Quietly, she hurried down to the second level, where the steady ticking became louder and she realized it was too perfect to have been caused by footsteps. At the landing she saw the metronome clicking off the beats of some unheard musical piece.
Kristi’s blood ran cold.
Someone had set it rocking. Someone knew she was here and was toying with her.
Someone or something.
Her fingers tightened over the canister of mace and she shined her small beam into the darkest corners and crevices of the landing, but she appeared to be alone.
She didn’t believe in ghosts or vampires, but she did think that someone else was inside the house. Marnie, the blonde, messing with her mind? Nah. No reason. So who else?

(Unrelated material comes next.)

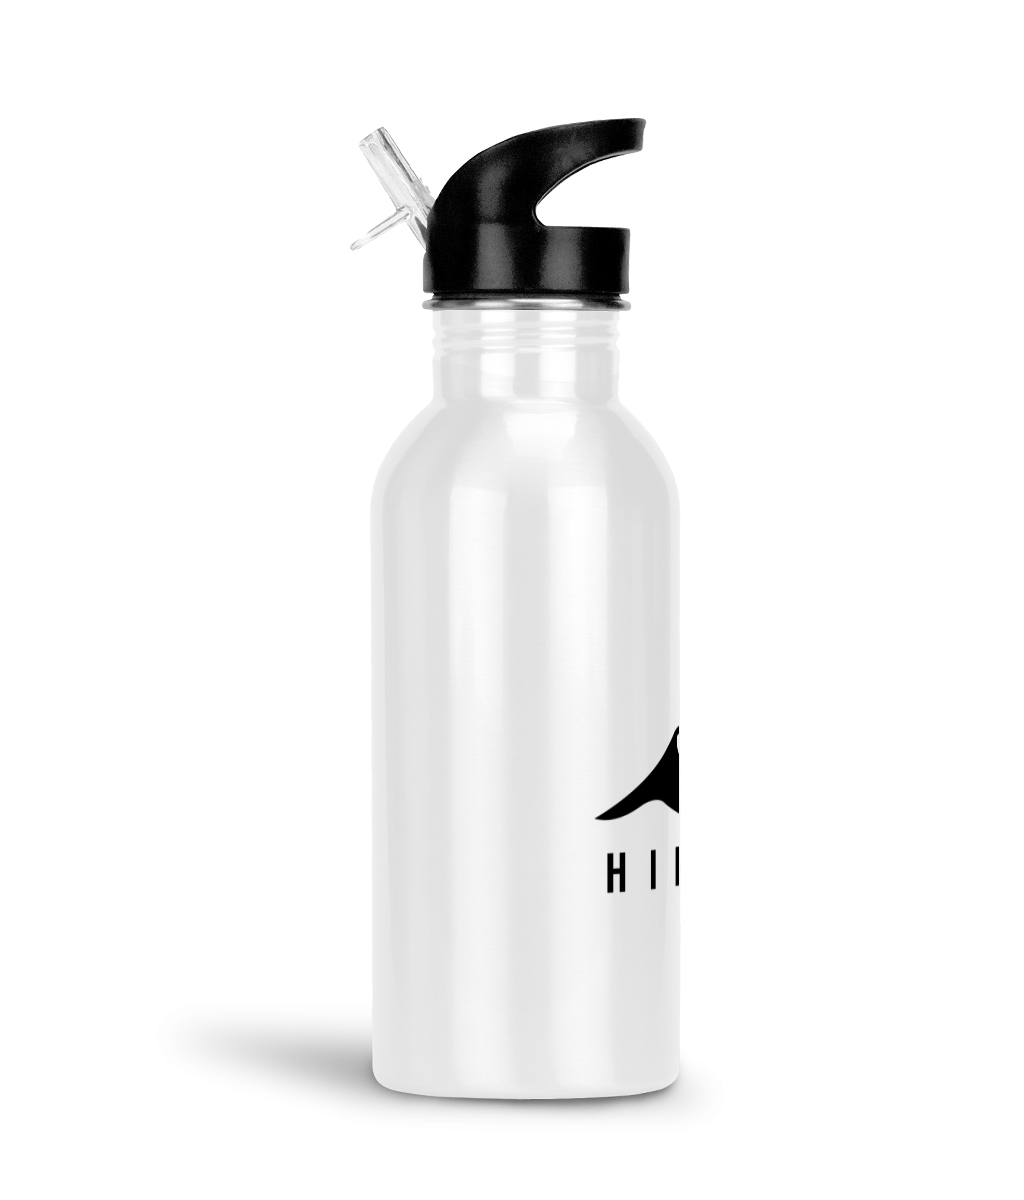 Hillbound Aluminium 600ml Water Bottle

She heard the front door open and close and she pressed herself into the shadows of the second floor hallway, her pulse thumping. She heard hushed voices—female voices—and footsteps, more than one. What the hell was going on? Her penlight was tucked under her arm and she gently clicked it off. Carefully, she edged near the railing, looking down to the foot of the stairs, but she saw no one, just heard them pass through the foyer and, she thought, the hallway that led to the back of the house.
On stealthy footsteps she eased her way back to the first floor. She was still gripping her little canister of mace in clenched fingers as she moved to the back of the house and the kitchen, keeping close to the wall.